_Task statement:_ Your answer should hold exactly the lines below from the line with "Arch Cape Oregon" through the line with "Pronostic Rennes OM : Analyse, cotes", both included, and no pictures at all.

_Input for this task:_
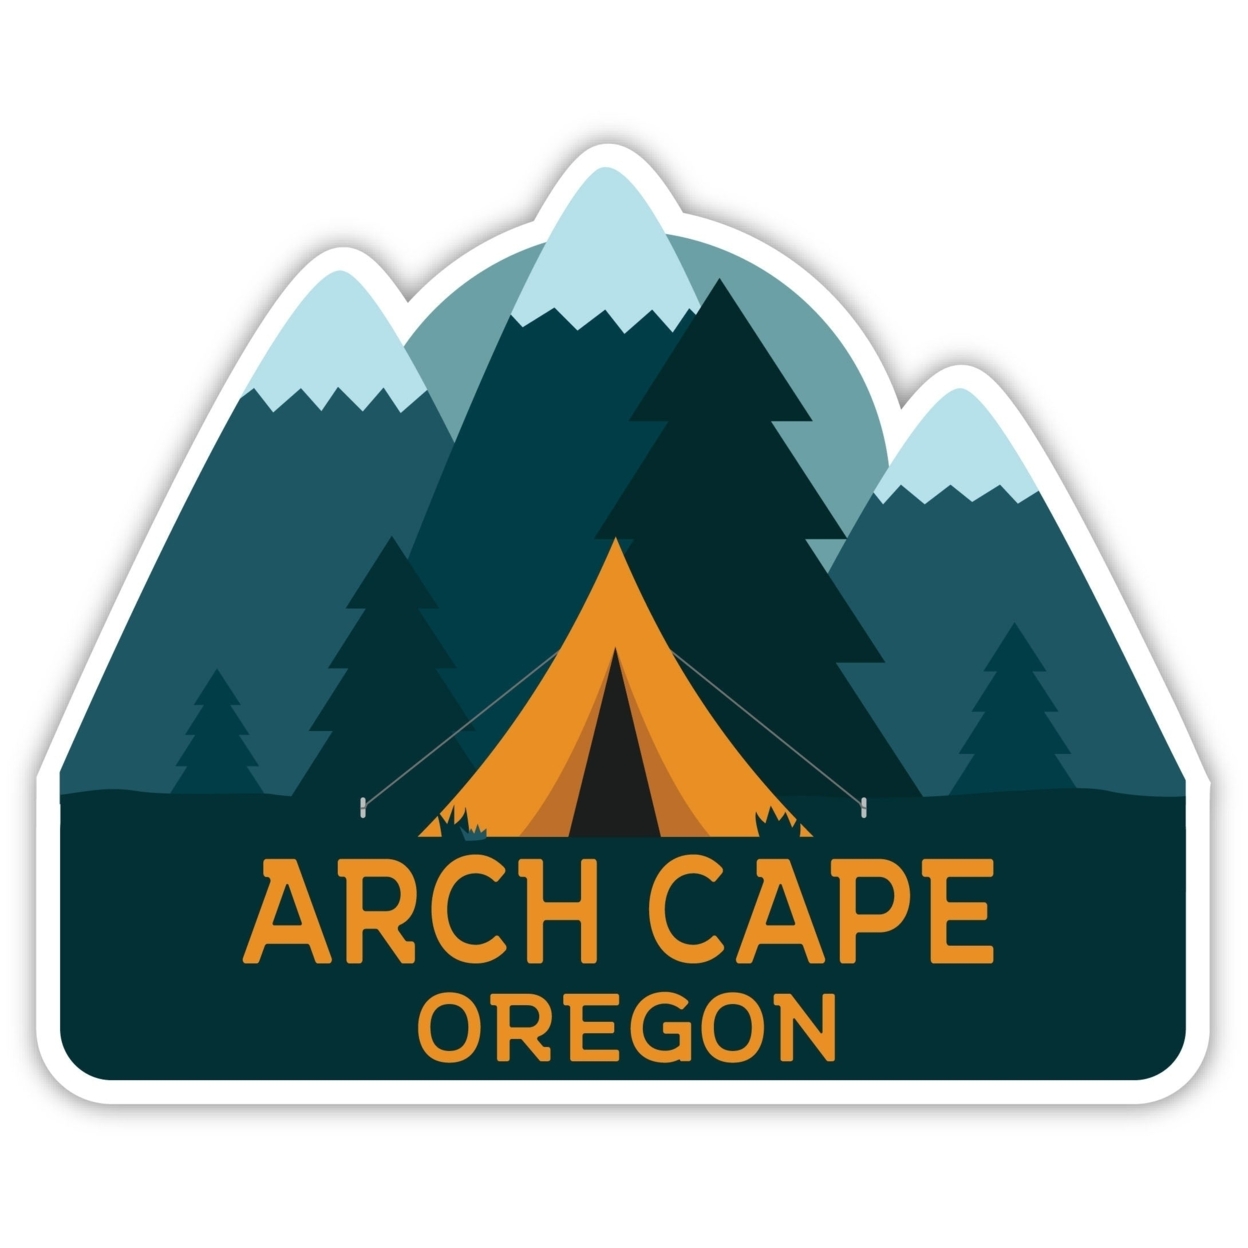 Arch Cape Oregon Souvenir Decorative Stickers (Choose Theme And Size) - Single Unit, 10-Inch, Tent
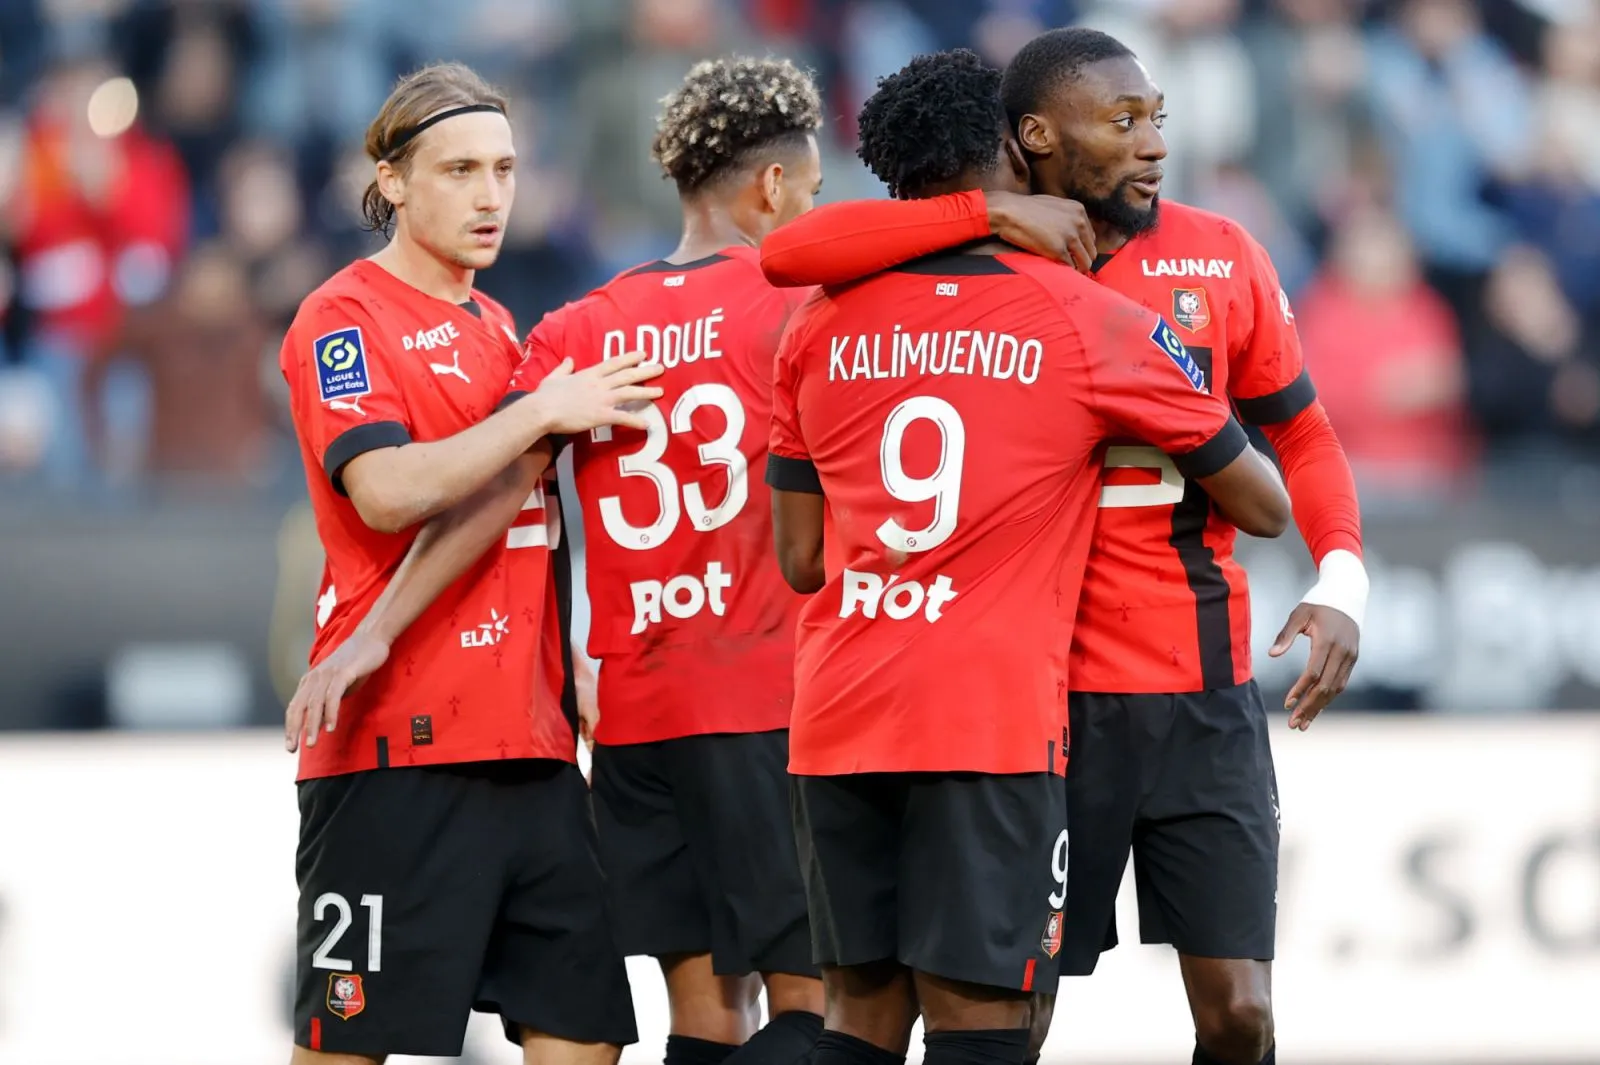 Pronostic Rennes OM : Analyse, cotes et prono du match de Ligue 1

...

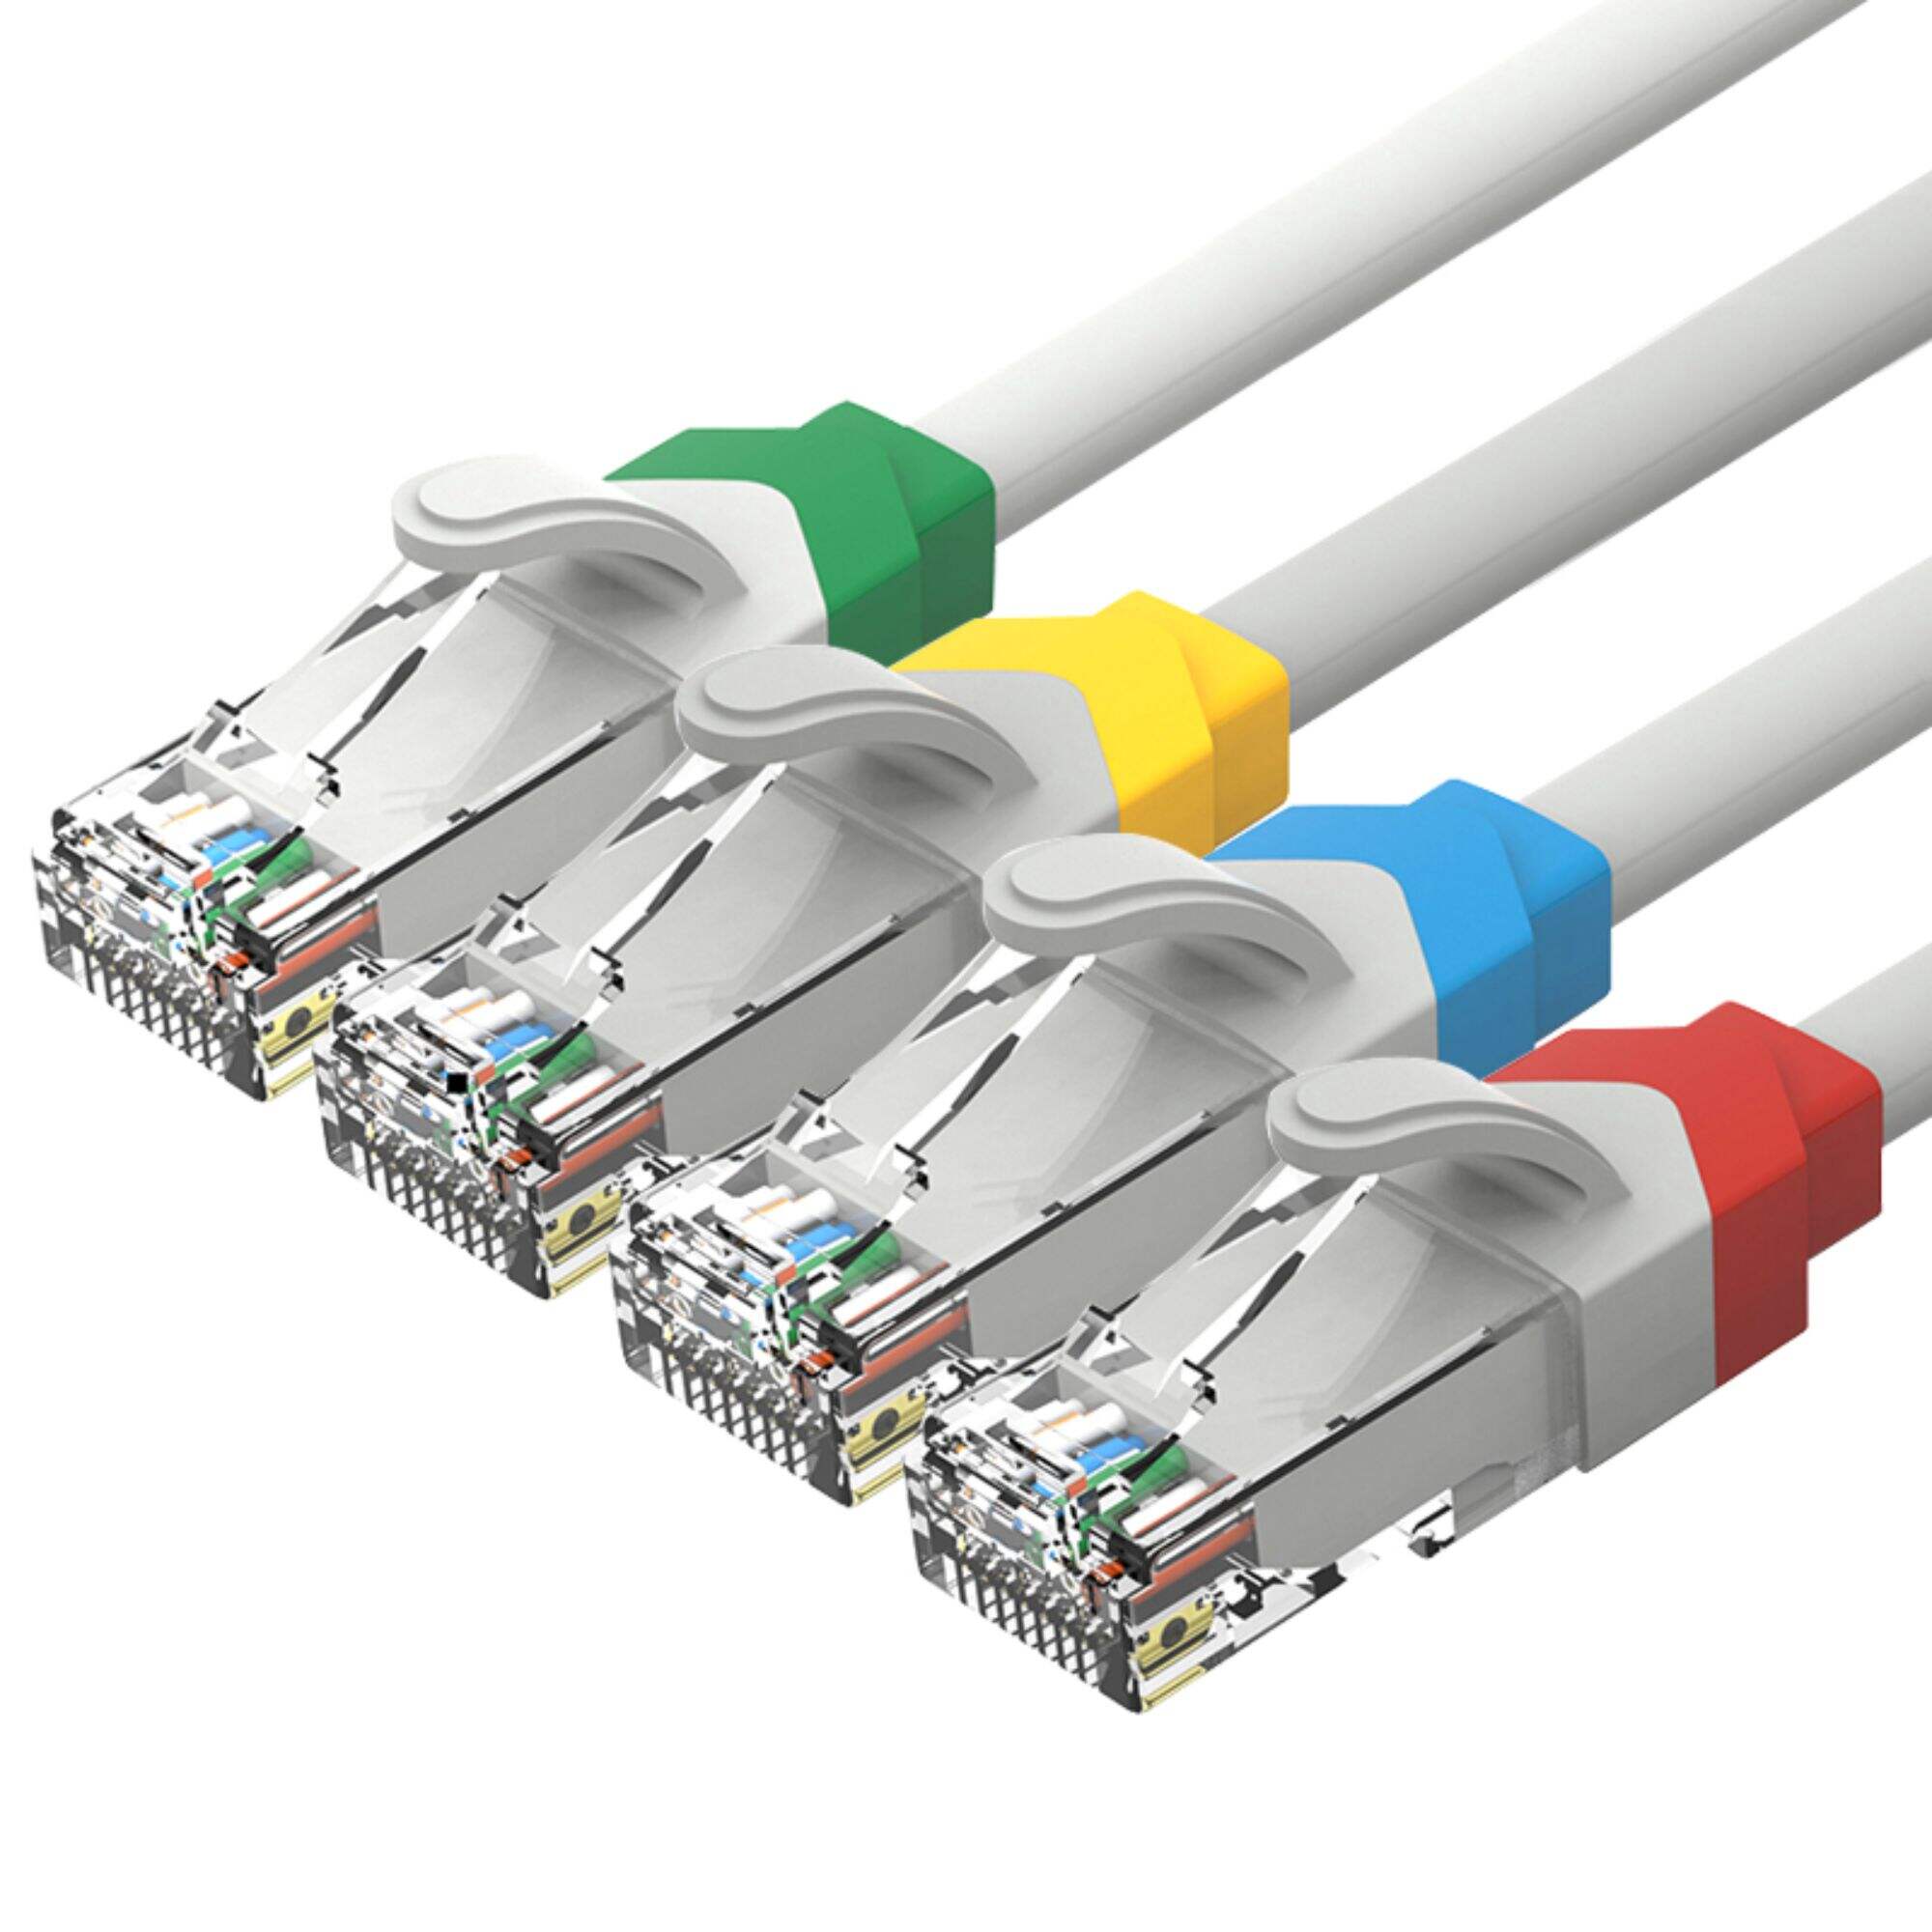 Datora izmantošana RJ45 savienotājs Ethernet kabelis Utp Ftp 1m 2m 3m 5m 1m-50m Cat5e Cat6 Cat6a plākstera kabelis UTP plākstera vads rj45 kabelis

_Problem solution:_
 Arch Cape Oregon Souvenir Decorative Stickers (Choose Theme And Size) - Single Unit, 10-Inch, Tent
 Pronostic Rennes OM : Analyse, cotes et prono du match de Ligue 1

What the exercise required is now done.